Ford just recalled 421K older Escapes for stuck throttles. This from a CNN news article.

"_*When the gas pedal is pressed almost all the way down, a cruise control cable can become stuck between the engine cover and a cruise control cable cover. The problem can occur whether cruise control is in use or not.*__*If this happens, the engine will not return to a slower speed even after the driver releases the gas pedal.*_


_*To fix the problem, Ford dealers will increase clearance around the engine cover. The recall is expected to begin on August 6.*_"

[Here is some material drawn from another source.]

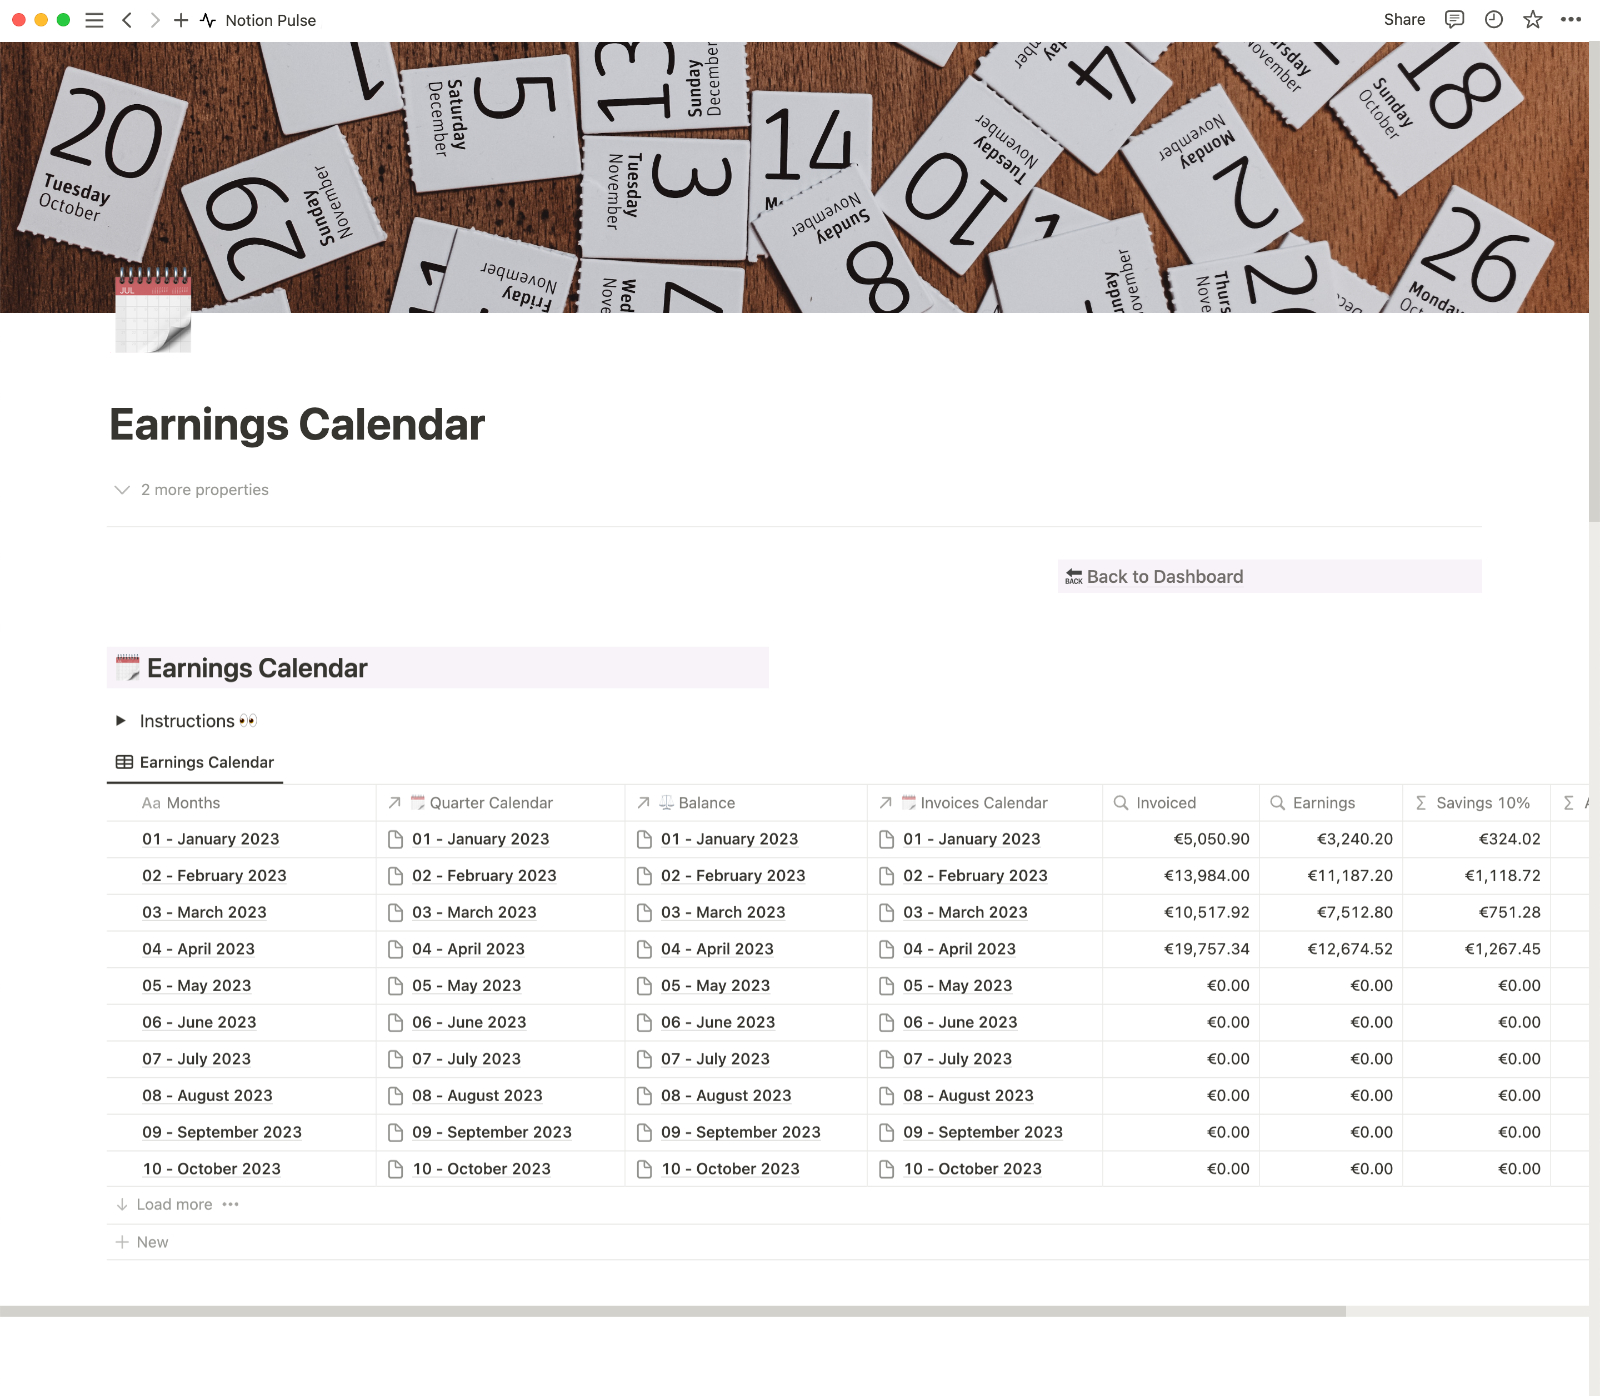 Notion Pulse Earnings Calendar

The point here is not the recall, but the fix. I wonder how well that one will be done? Dull axe, or crazed tech with a Dremel grinder?


----------



## spacedout (Dec 7, 2010)

I have my appointment for Tuesday to get my lower shield hacked up. Even thought I don't like the fix doesn't mean I won't get it done, hopefully the dealer does a nice job compared to some of the photos I have seen on here.


----------



## SkullCruzeRS (Nov 3, 2011)

Just had mine done. Yep the entire middle is now gone just leaving the sides. When I got the car I paid for a rubberized type spray of under body protection. They sprayed basically everything underneath the car minus anything that gets hot like the exhaust. Since at the time the pieces of the engine were covered they did not get sprayed. Now with all that stuff exposed I'm going to see if they will spray those pieces as well since I did technically pay for total under body protection. If I can get that done I will be happy since my main gripe with the hack job was loosing the protection from salt in the winter.


----------



## Starks8 (Jul 20, 2011)

SkullCruzeRS said:


> Just had mine done. Yep the entire middle is now gone just leaving the sides. When I got the car I paid for a rubberized type spray of under body protection. They sprayed basically everything underneath the car minus anything that gets hot like the exhaust. Since at the time the pieces of the engine were covered they did not get sprayed. Now with all that stuff exposed I'm going to see if they will spray those pieces as well since I did technically pay for total under body protection. If I can get that done I will be happy since my main gripe with the hack job was loosing the protection from salt in the winter.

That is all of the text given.